§ Problem requirements: The output should hold exactly, and only, the lines from the line bearing "Merry Christmas Profile" through the last line of the listing below, and no pictures.

§ Data excerpt:
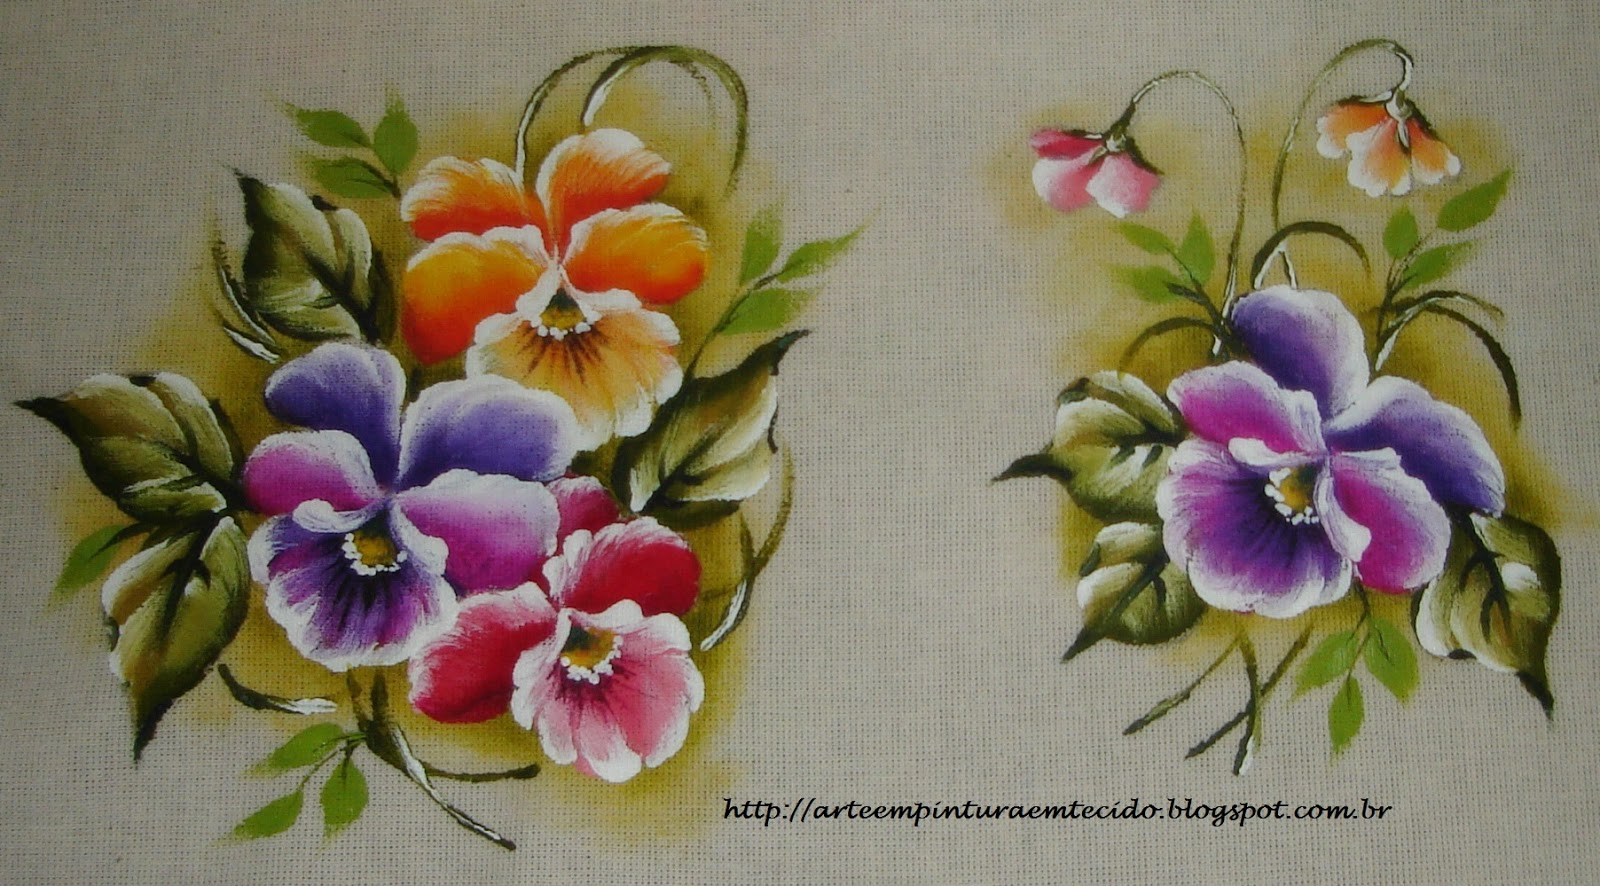 http://4.bp.blogspot.com/-sGc5GM0HSr0/UzH8yecVpgI/AAAAAAAAPMg/H6FASBvtIAQ/s1600/pintura+em+tecido+amor+perfeito.JPG
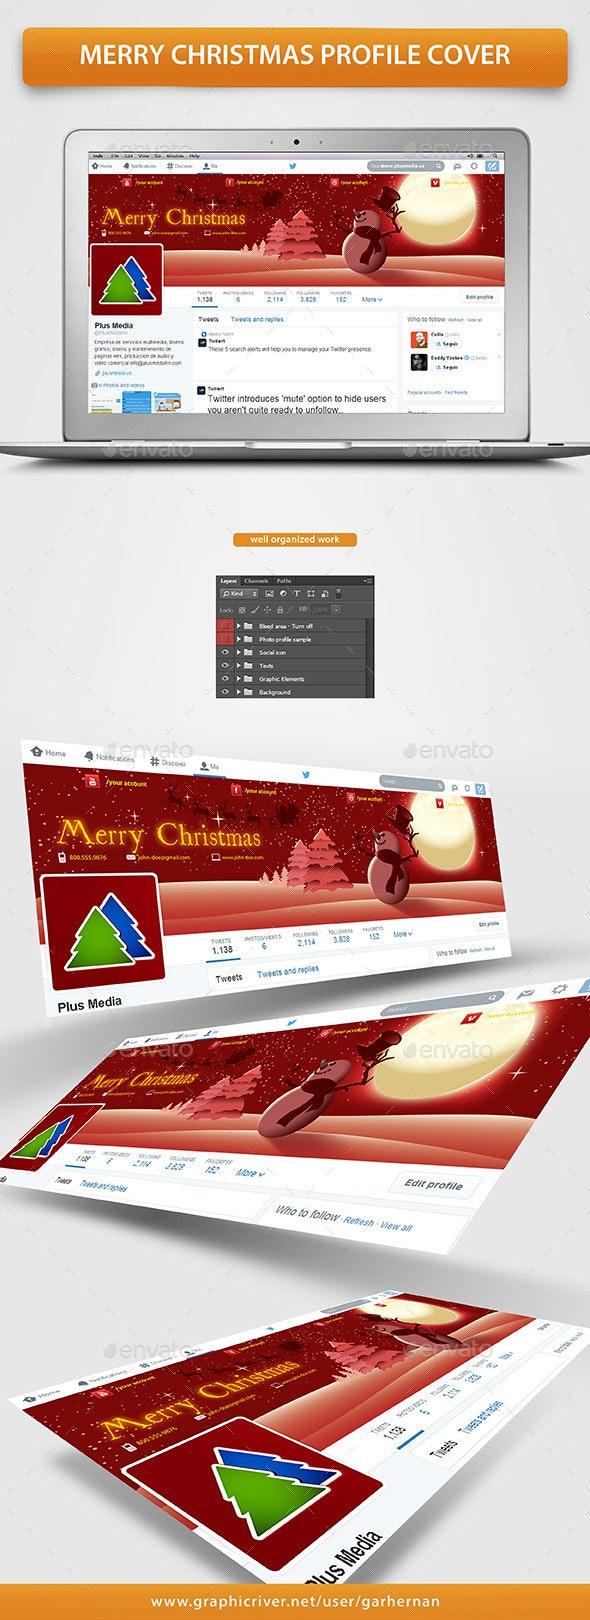 Merry Christmas Profile Cover - Twitter Social Media
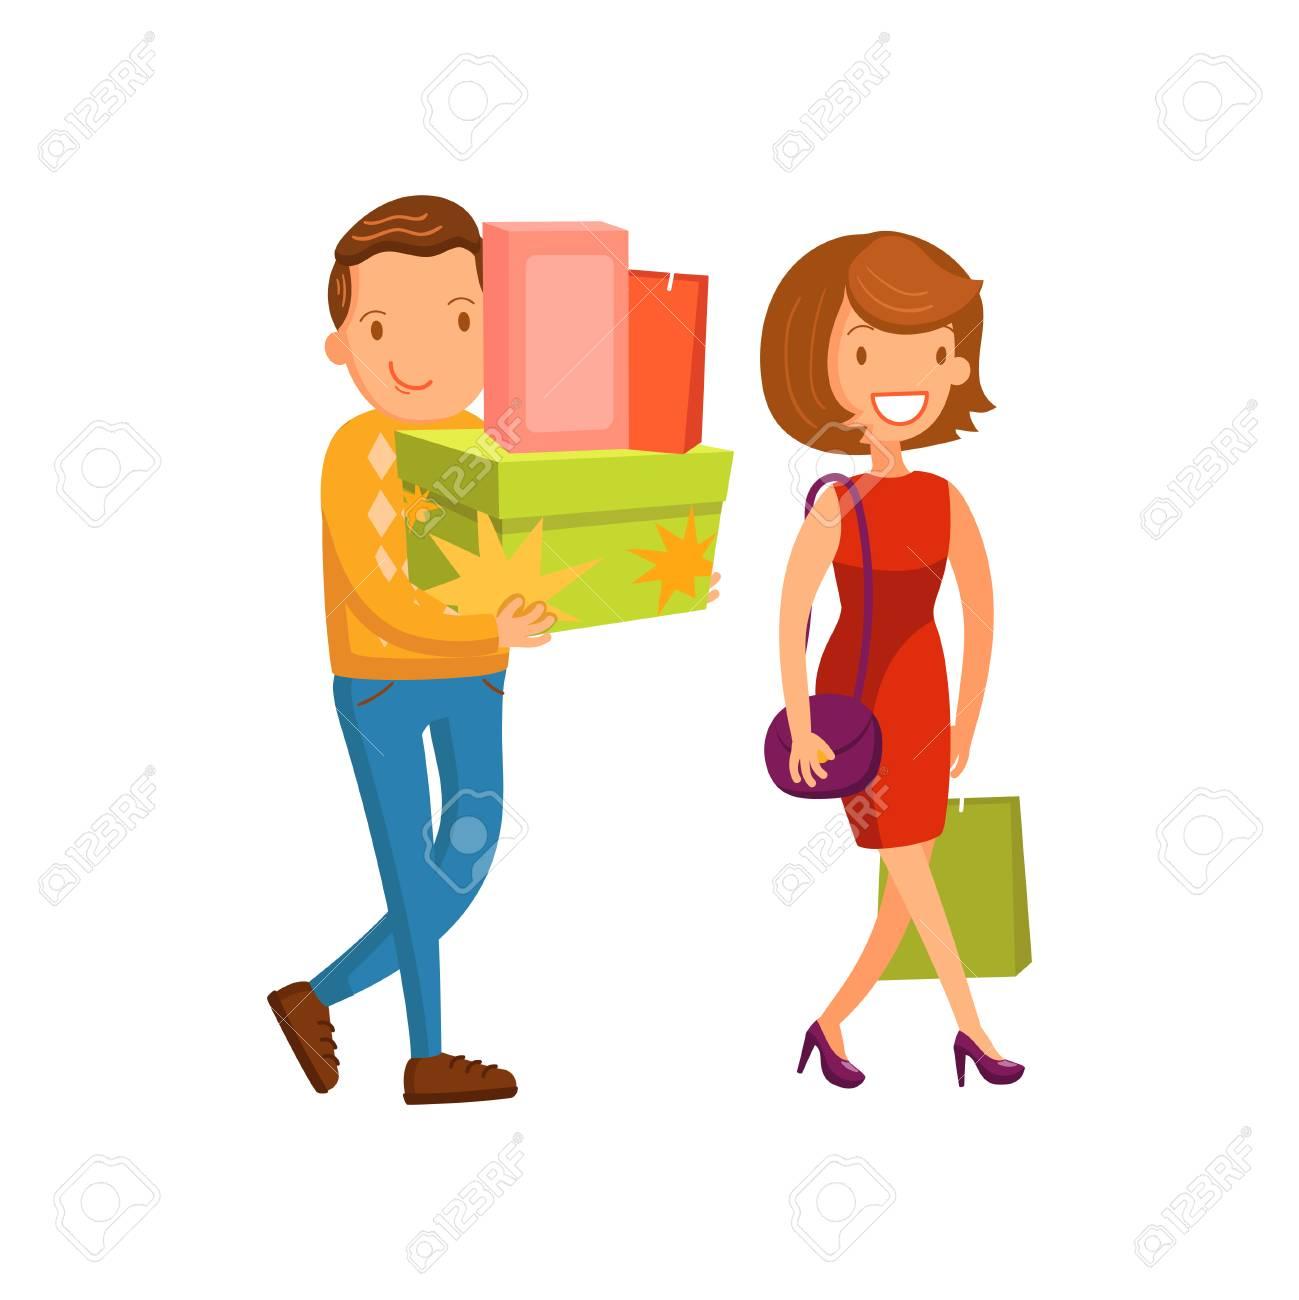 Dessin Shopping happy couple shopping, family shopping in a mall cartoon vector

§ Solution for this exercise:
 Merry Christmas Profile Cover - Twitter Social Media
 Dessin Shopping happy couple shopping, family shopping in a mall cartoon vector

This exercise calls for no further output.